Е.С. Булгакова в записи от 2 ноября 1936 года охарактеризовала "Богатырей" как "стыдный спектакль", а 14 ноября с удовлетворением констатировала: "В газете – постановление Комитета по делам искусств: "Богатыри" снимаются. "…За глумление над крещением Руси…", в частности", – и привела по этому поводу реплику Булгакова:
"Таиров лежит с капустным листом на голове, уверяю тебя". Вероятно, ей не хотелось еще раз вспоминать об этом спектакле, тем более что в ходе кампании, начавшейся в прессе по поводу "Богатырей", вновь стали поносить булгаковский "Багровый остров". Да и содержавшаяся в рассказе Ермолинского насмешка (от лица Булгакова) над официальной "народностью" могла показаться опасной вдове писателя. Что же касается эпизода с Ермолинским-журналистом, то его стоит привести полностью: "Я бывал (во время последней болезни. – Б. С.) у него каждый день. Пытаясь восстановить факты его жизни, предложил игру в навязчивого журналиста, приставшего с вопросами к знаменитому писателю.

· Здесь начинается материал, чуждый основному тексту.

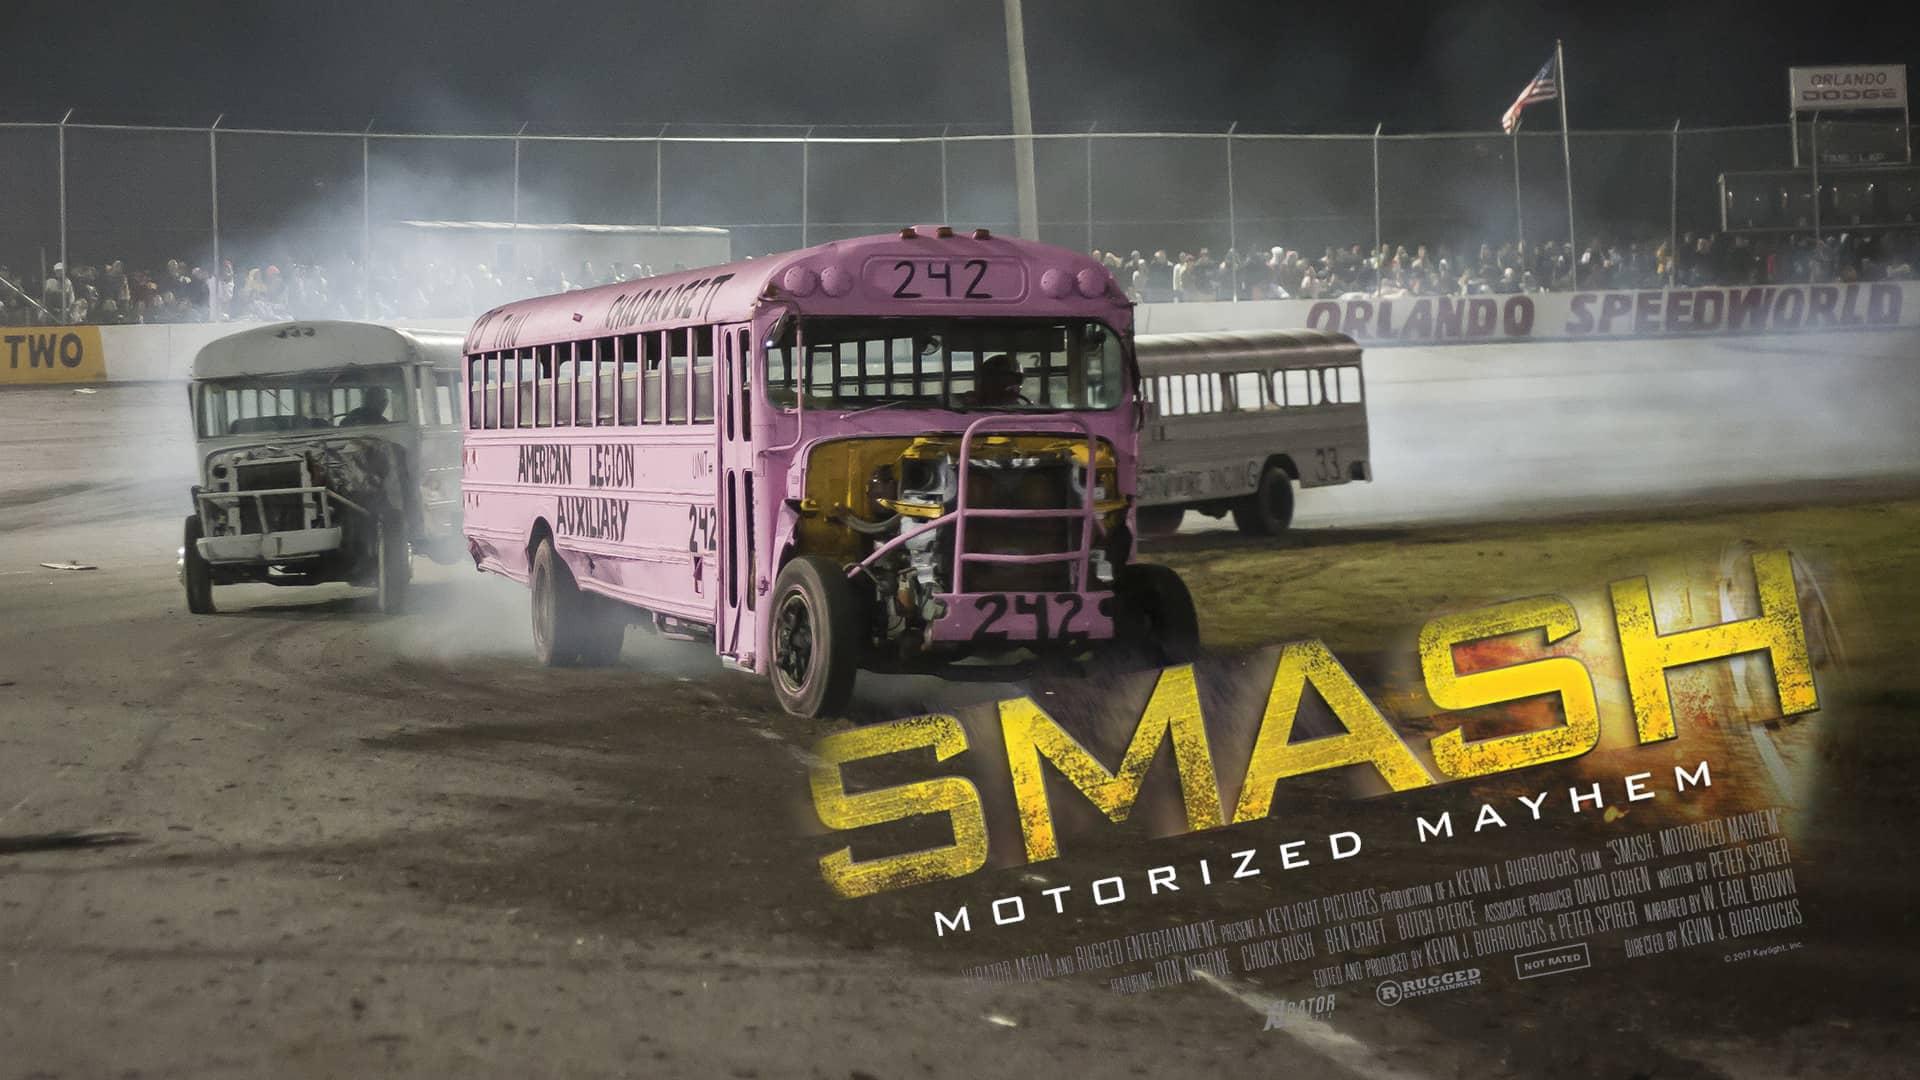 Resultado de imagem para Smash: Motorized Mayhem

– Ты хитришь, – сказал он, но игру принял.
В дальнейшем она развлекала его, и я в шуточной форме записал несколько таких бесед, состоявших из вопросов и ответов. Несколько листков случайно сохранилось. Вот эта запись.

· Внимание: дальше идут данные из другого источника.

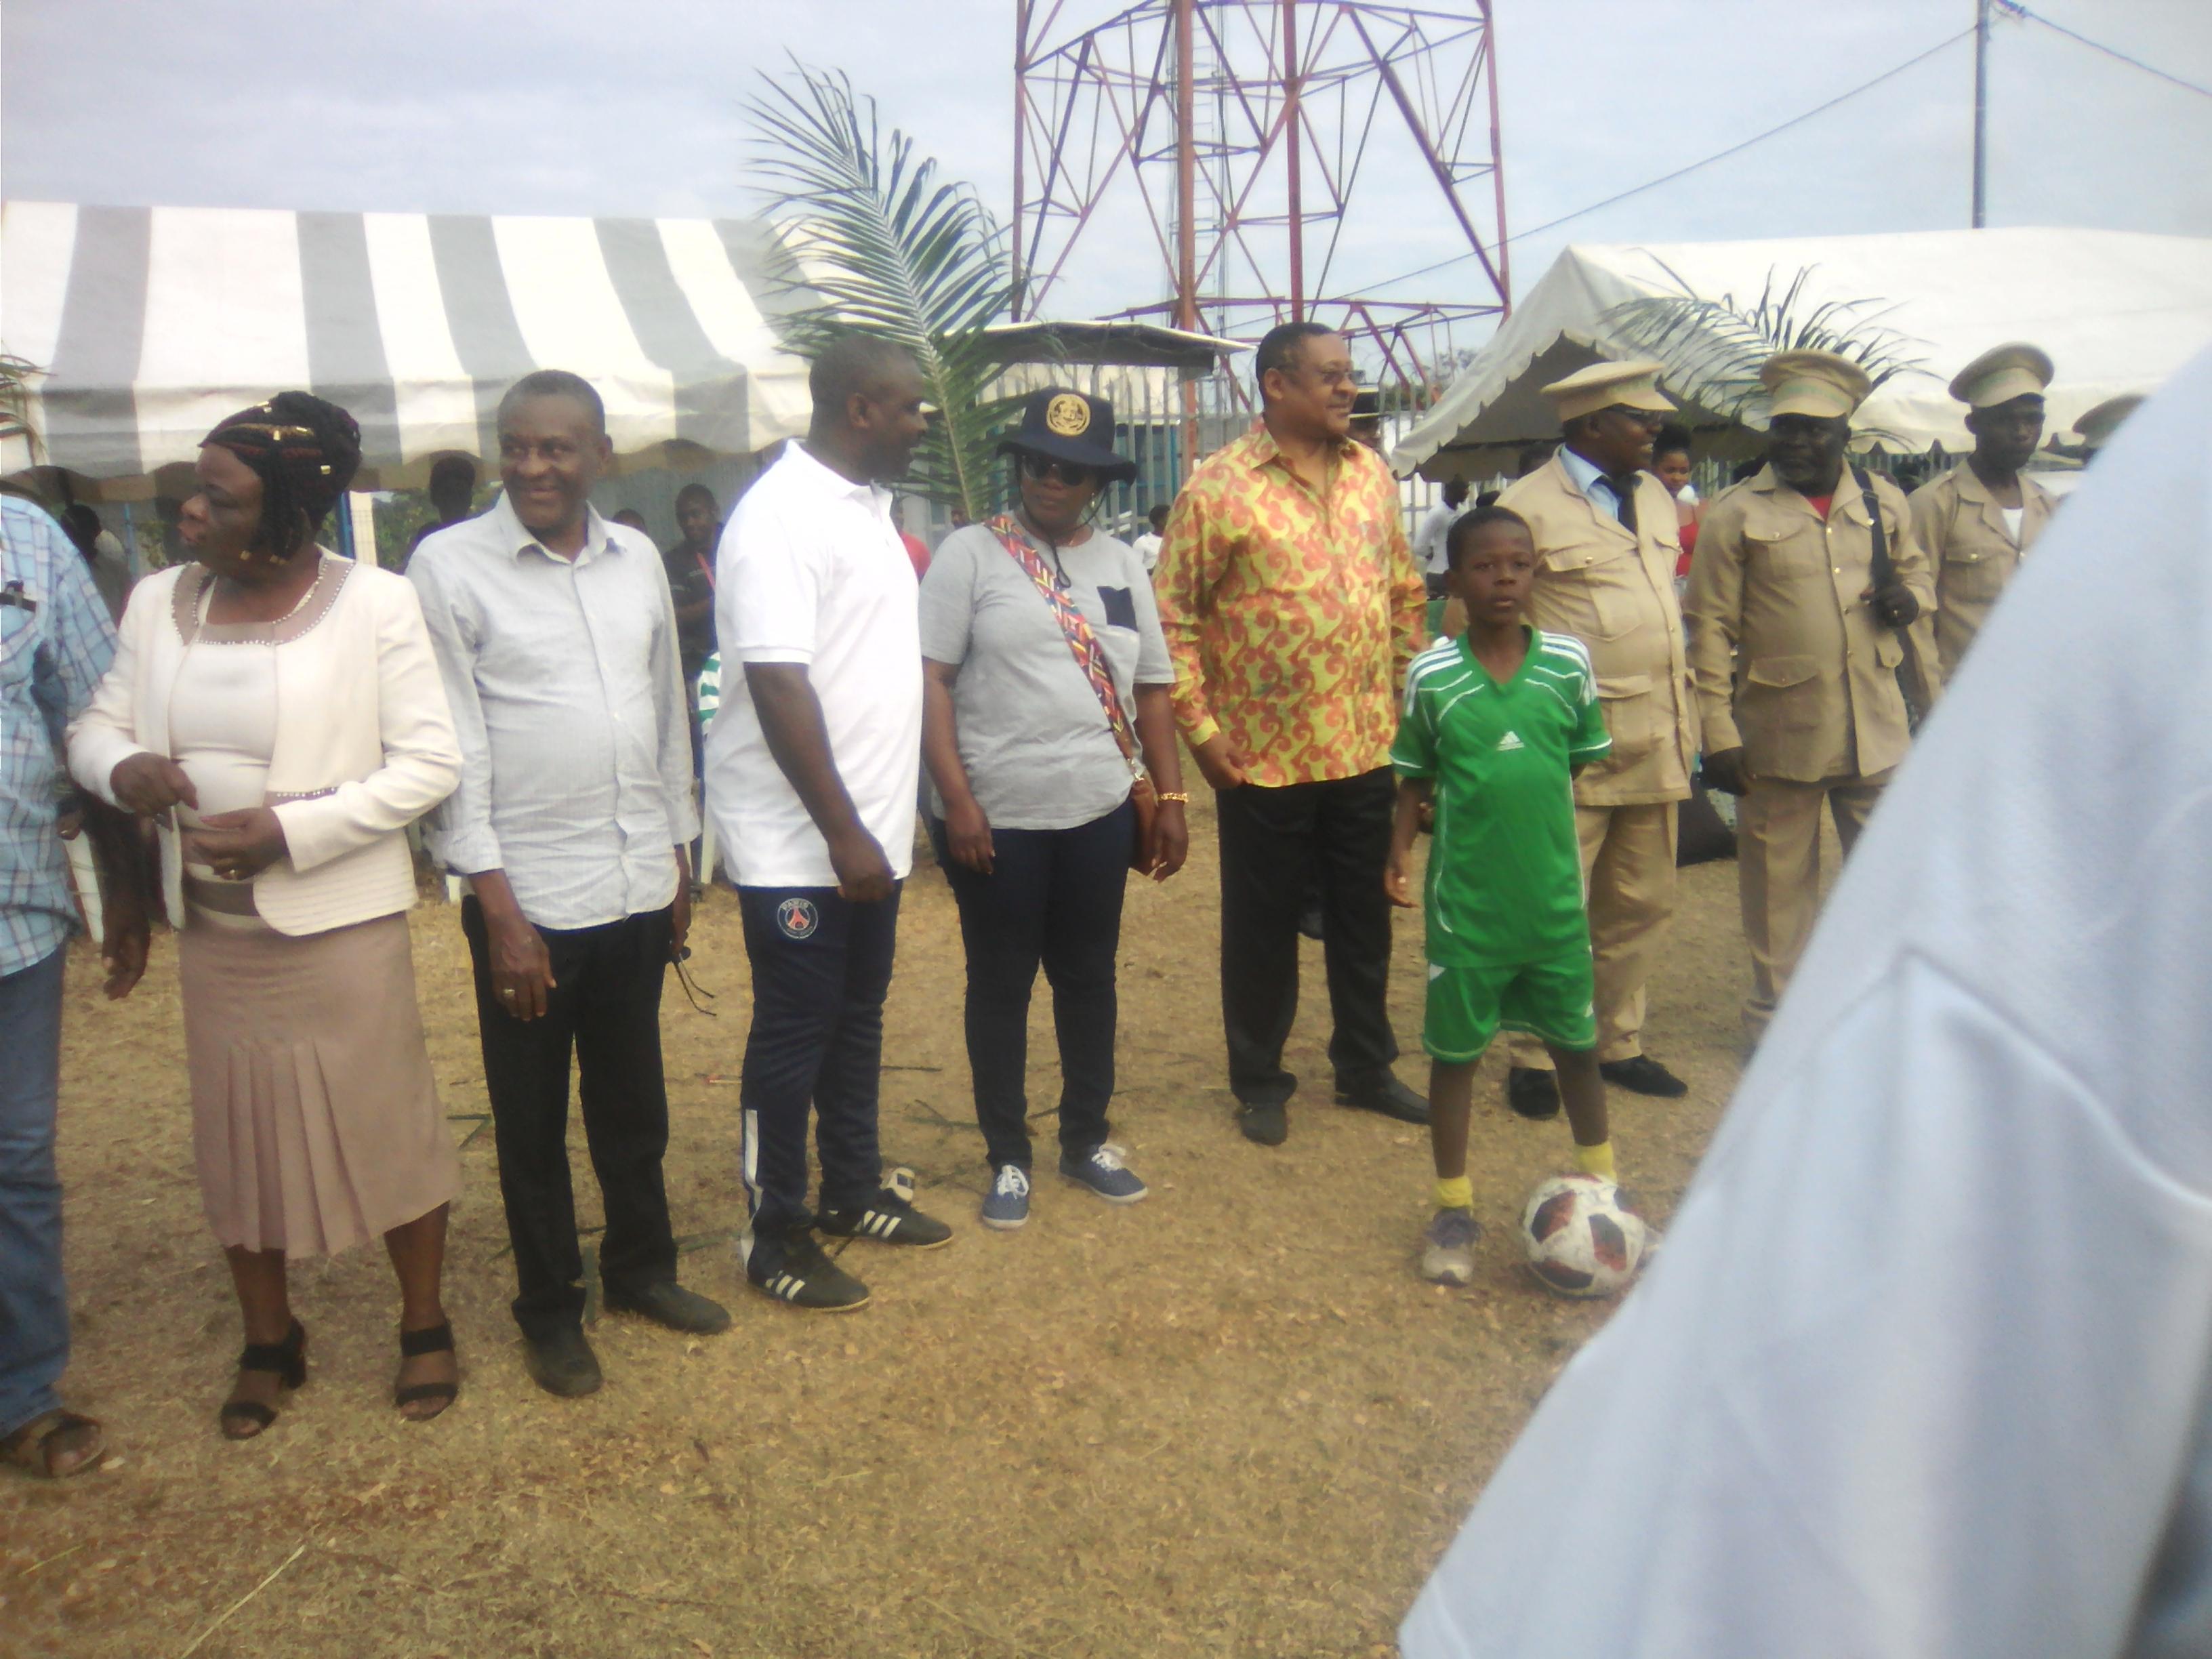 4ème édition de la coupe de l'indépendance d'Akanda: dans l'unité parfaite!

Он. Мне непонятно все-таки, уважаемый товарищ, зачем вы ко мне пристаете?
Я. Мировому человечеству интересна каждая деталь из вашей жизни.
Он. Я согласен, это так. Но я обязан все ж по благородству своего характера предупредить вас… – тут он прищурился и добавил юмористически: – Я, дорогой мой, "не наш" человек.
Я. Быть может, как раз поэтому вы и представляете особый интерес?
Он (уже с непритворным негодованием). Это отвратительно, что вы говорите, голубчик! Я наш человек, а не наш – это я сам выдумал, сам подстроил.
Я. Простите, не понял.
Он. Вчера вы допрашивали меня о начале моего литературного пути.
Я. Совершенно верно. Я весь внимание.
Он. Именно тогда я и подложил себе первую свинью.
Я. Каким образом вам удалось это сделать?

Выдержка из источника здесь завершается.